> **Problem details**:
The reply should consist solely of the lines from the one with "bei Kinder Tommy" through the final line of the listing, copied exactly, with no pictures.

> **Input data**:
───

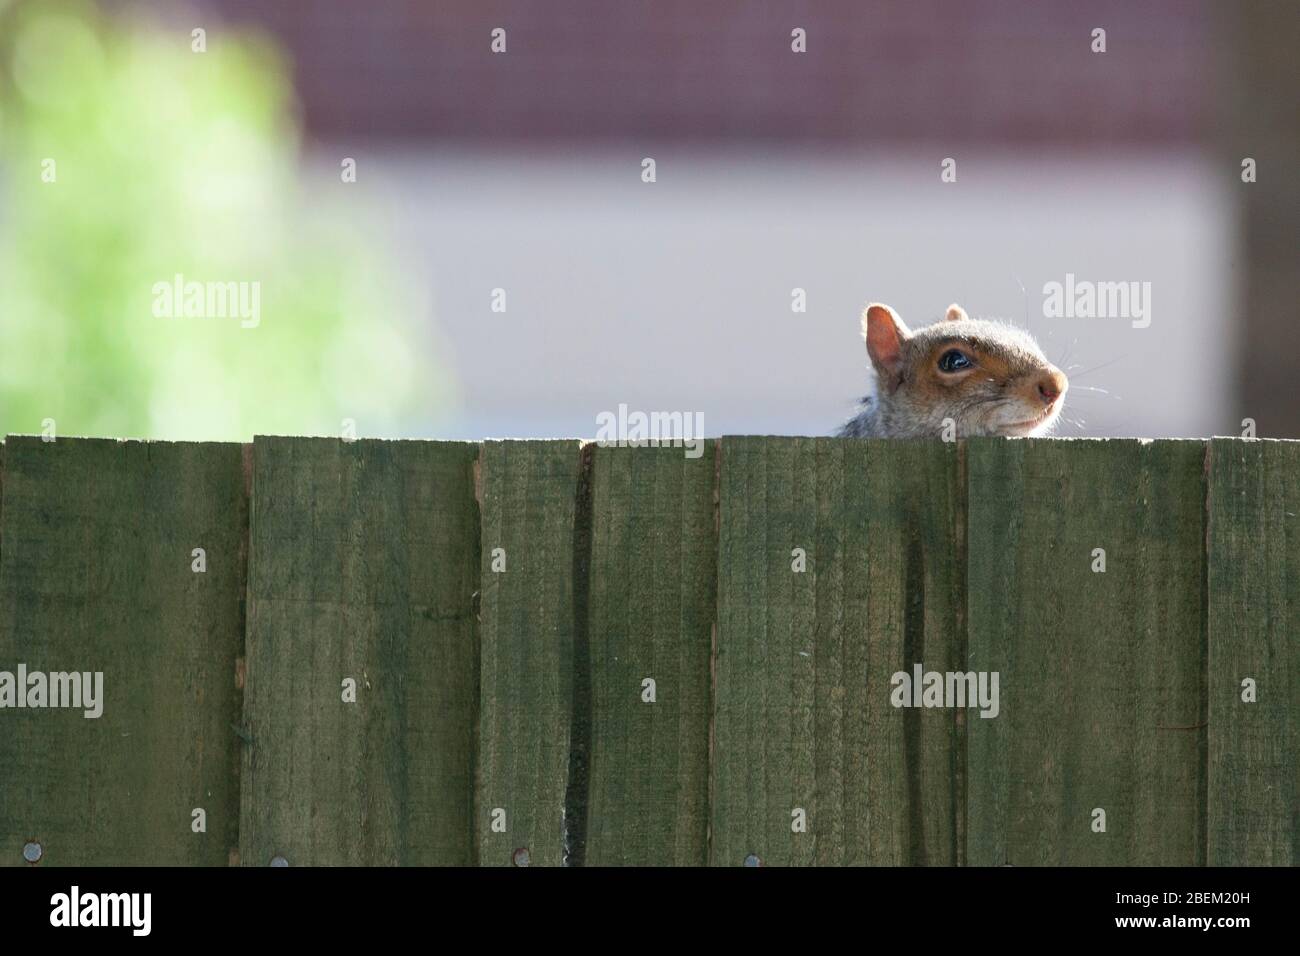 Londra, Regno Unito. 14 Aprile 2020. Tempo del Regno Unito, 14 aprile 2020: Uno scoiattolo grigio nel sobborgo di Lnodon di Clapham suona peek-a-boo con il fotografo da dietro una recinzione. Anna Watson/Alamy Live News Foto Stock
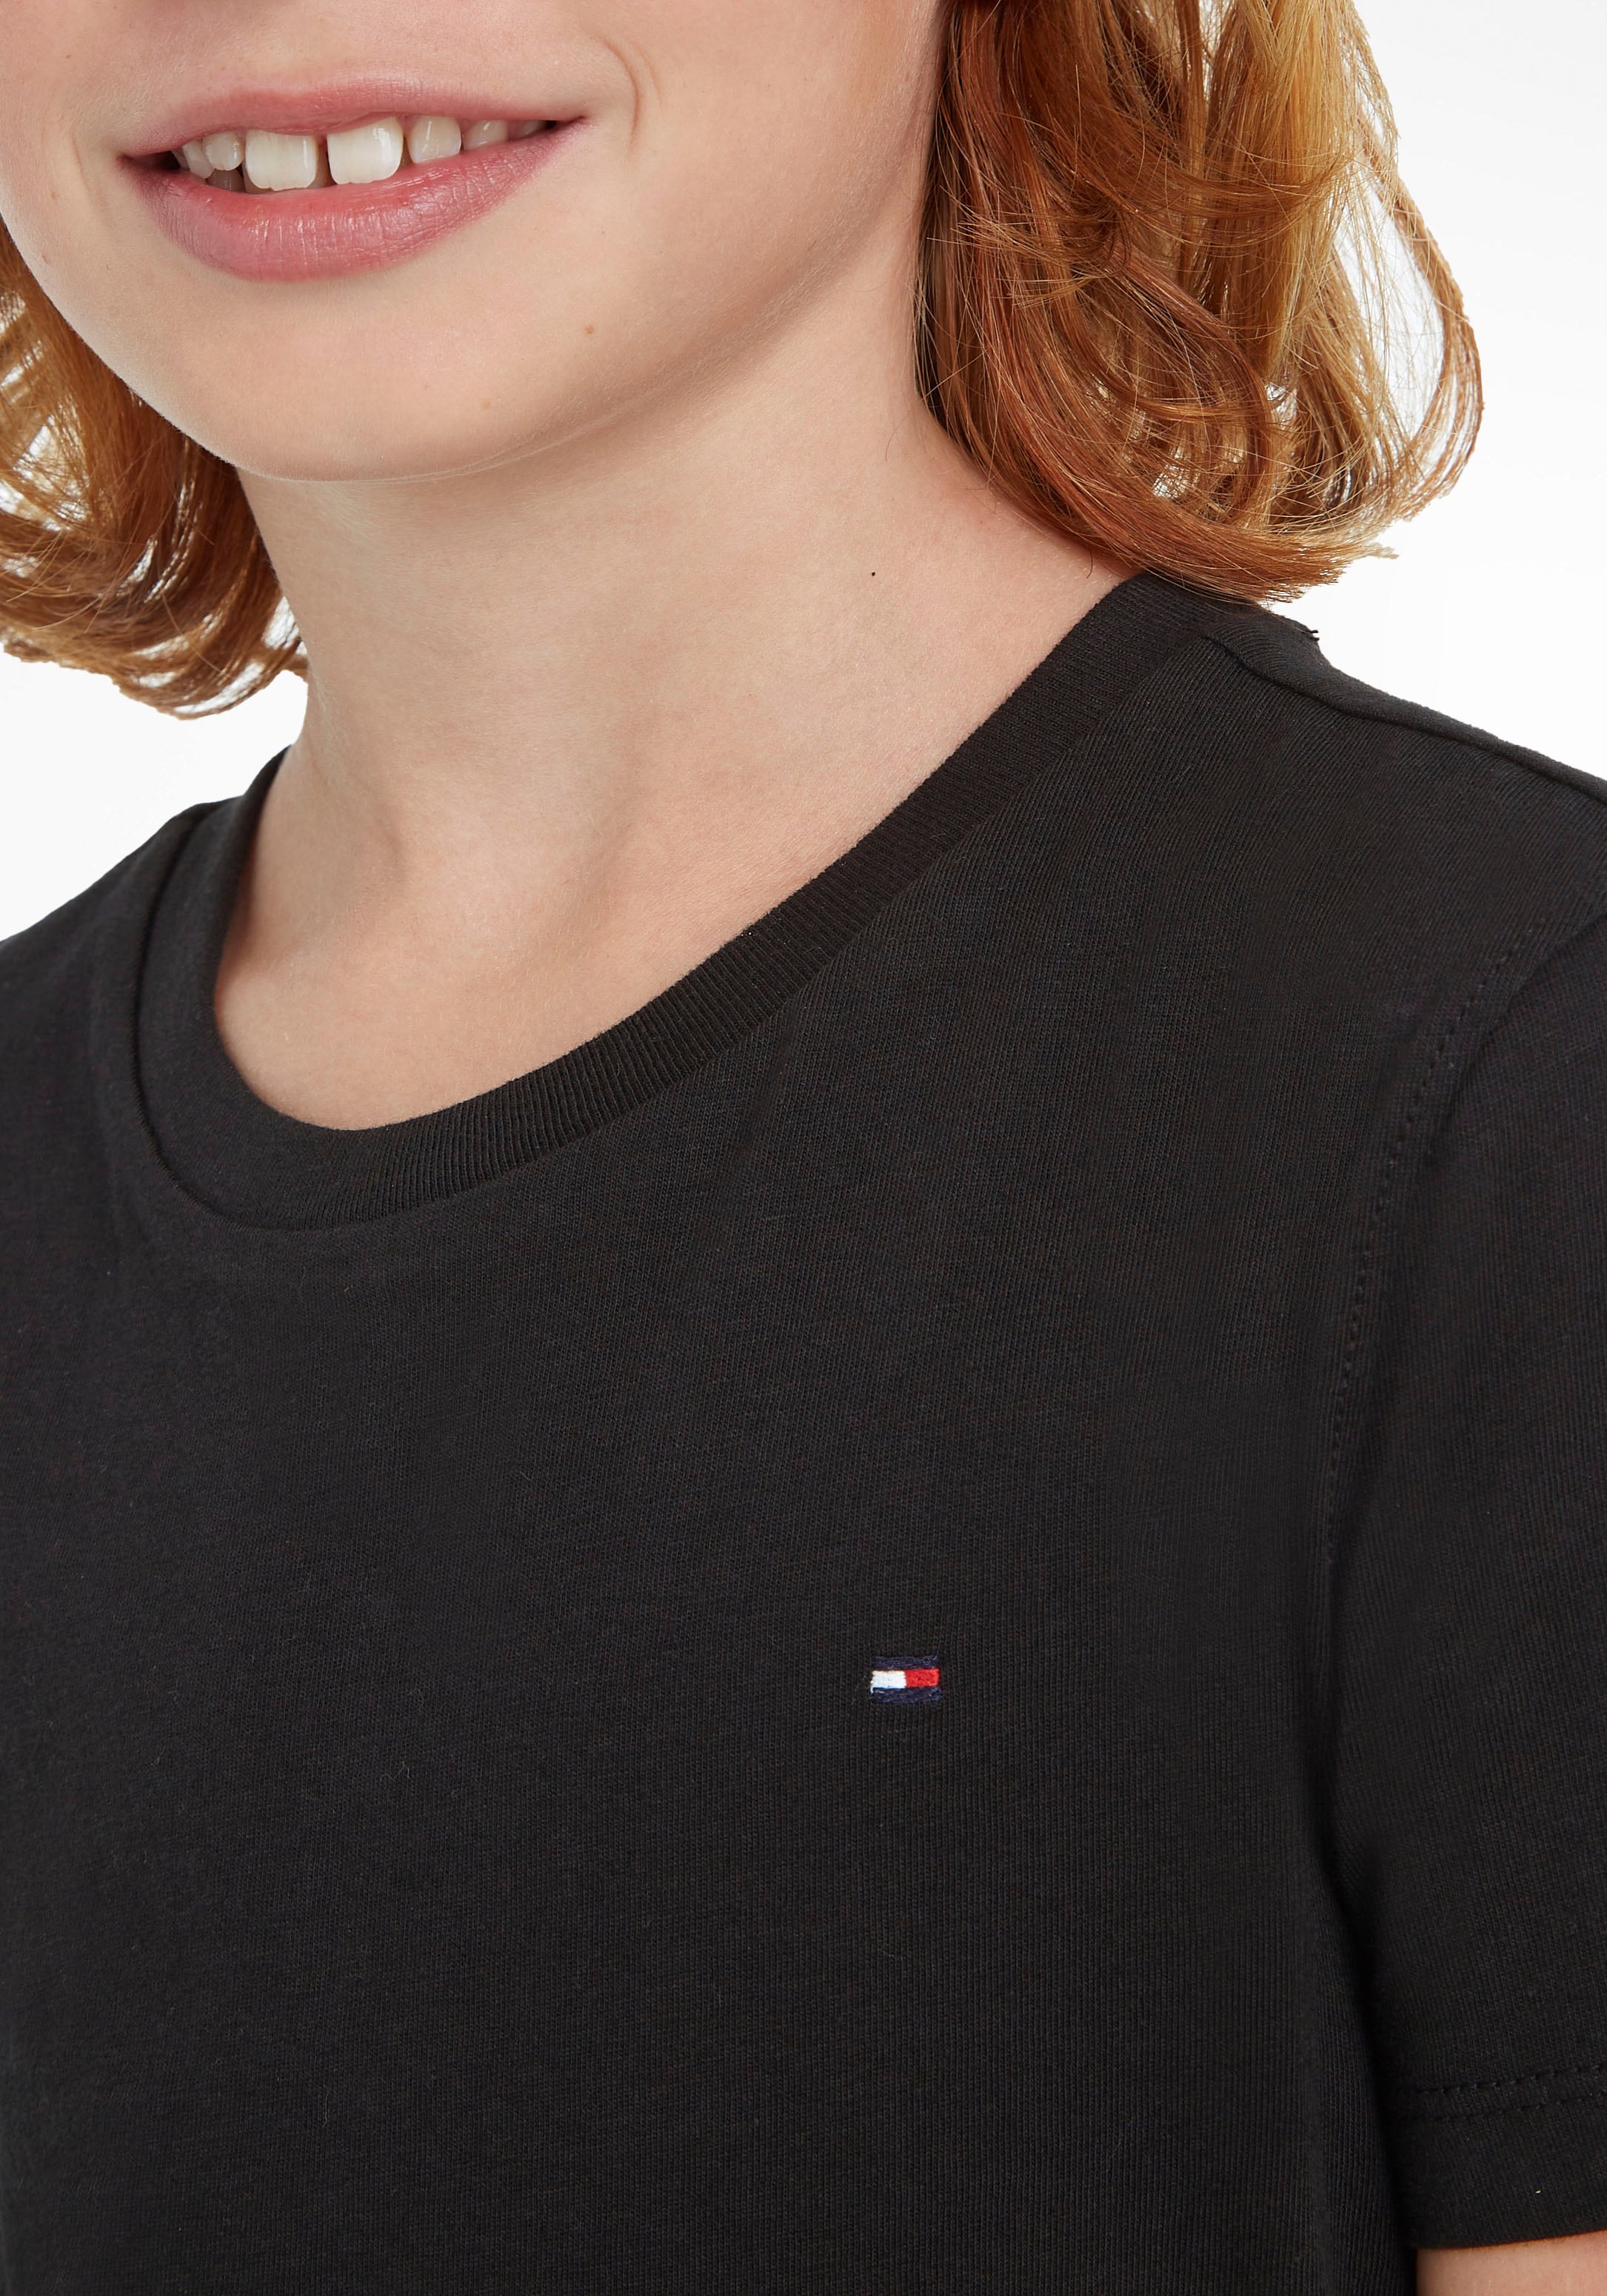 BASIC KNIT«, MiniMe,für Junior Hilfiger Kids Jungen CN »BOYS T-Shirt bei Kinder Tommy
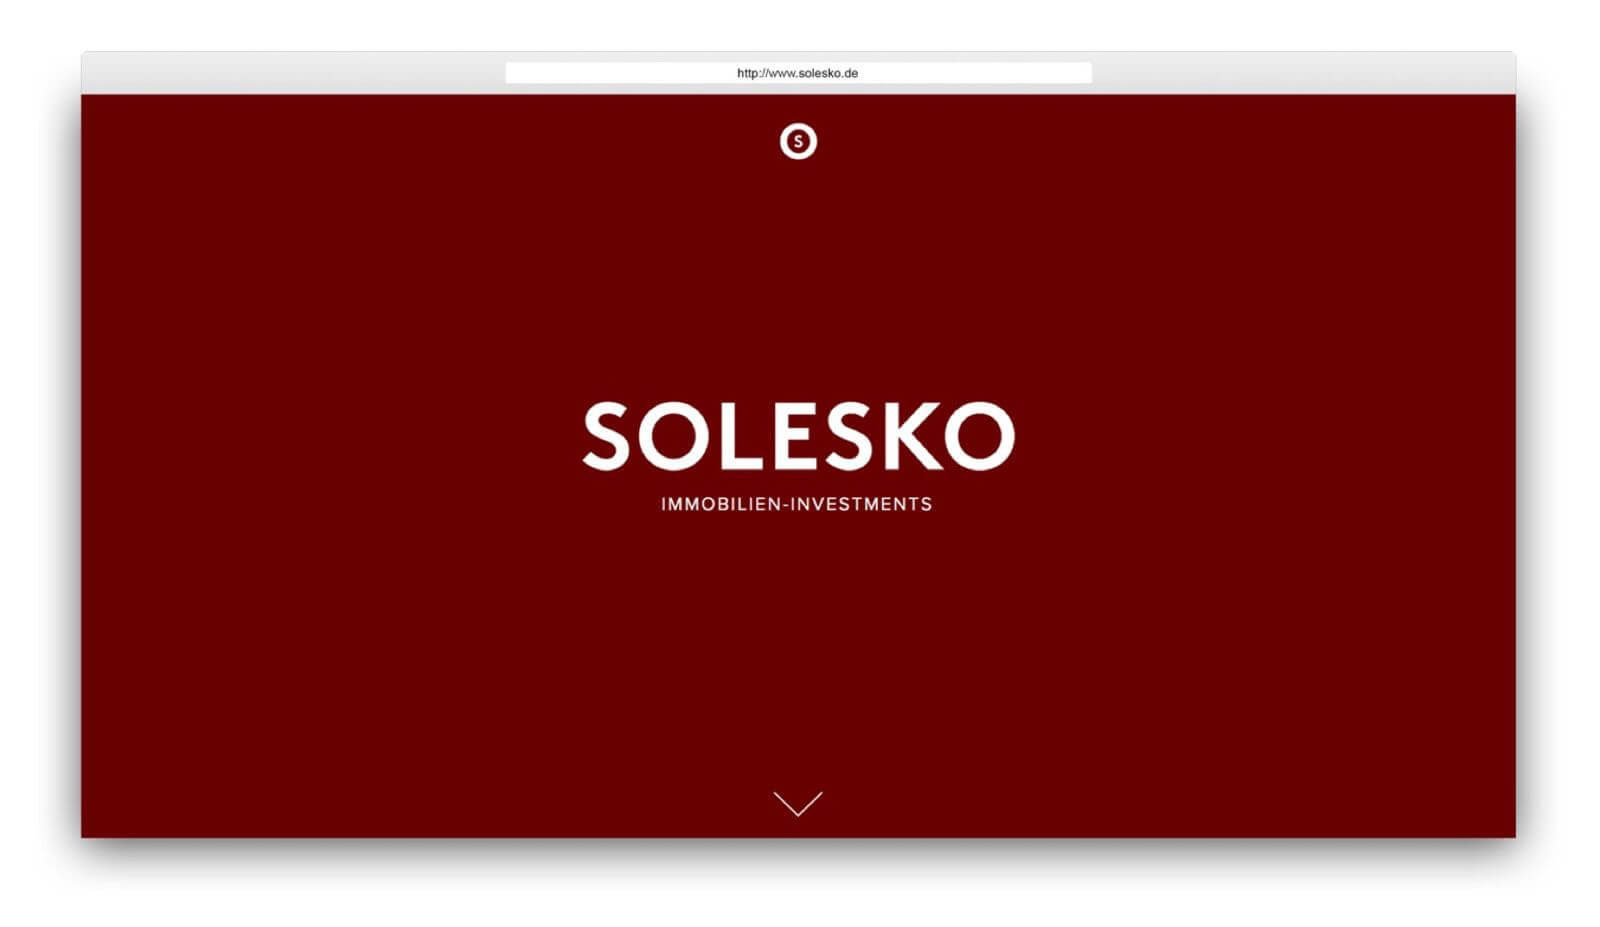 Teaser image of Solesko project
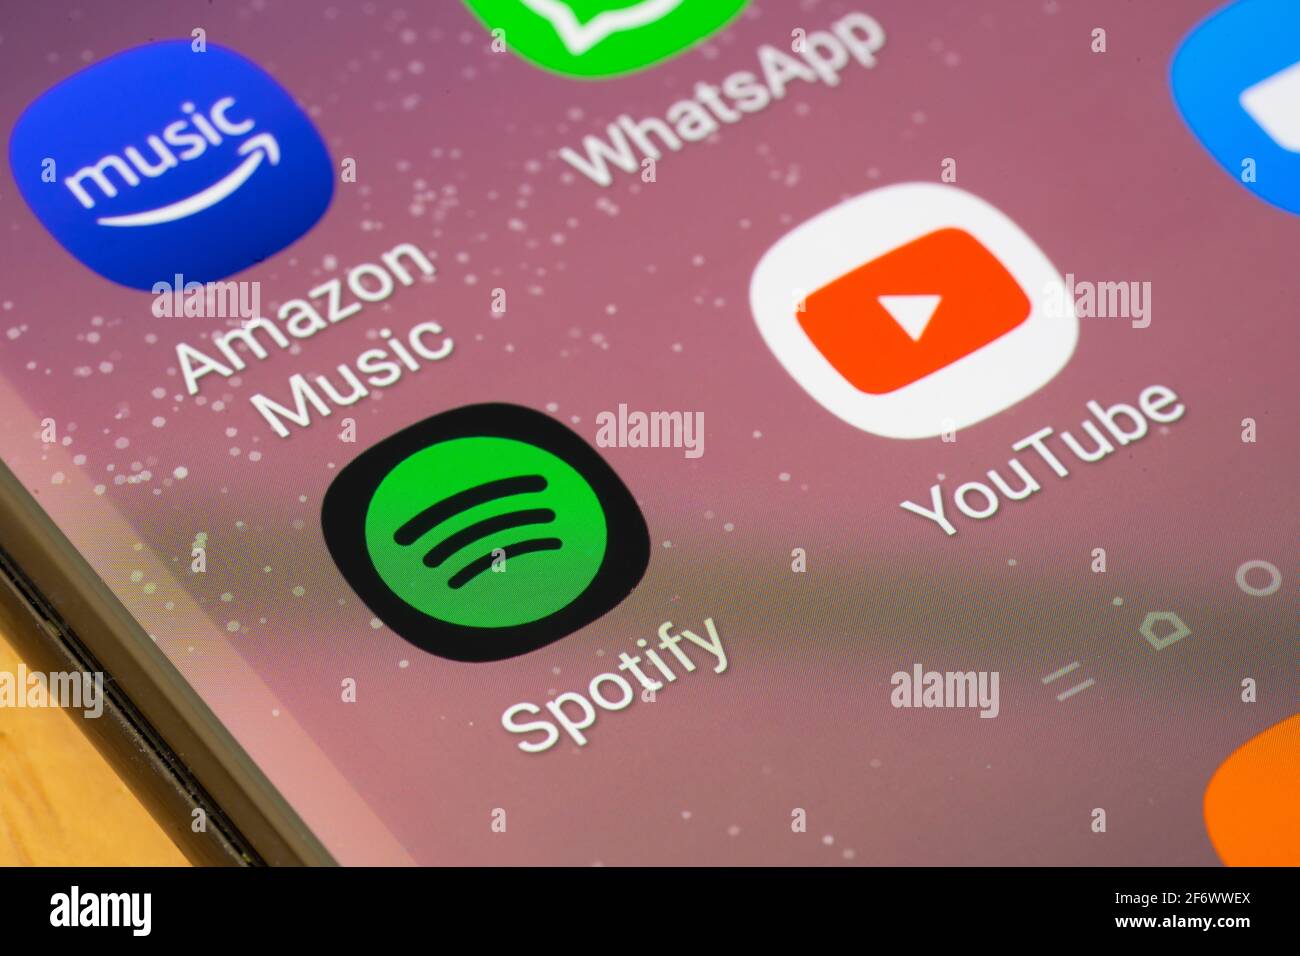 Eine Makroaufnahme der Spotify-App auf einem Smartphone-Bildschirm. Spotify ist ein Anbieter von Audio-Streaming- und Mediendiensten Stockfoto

───

> **Task response**:
 BASIC KNIT«, MiniMe,für Junior Hilfiger Kids Jungen CN »BOYS T-Shirt bei Kinder Tommy
 Teaser image of Solesko project
 Eine Makroaufnahme der Spotify-App auf einem Smartphone-Bildschirm. Spotify ist ein Anbieter von Audio-Streaming- und Mediendiensten Stockfoto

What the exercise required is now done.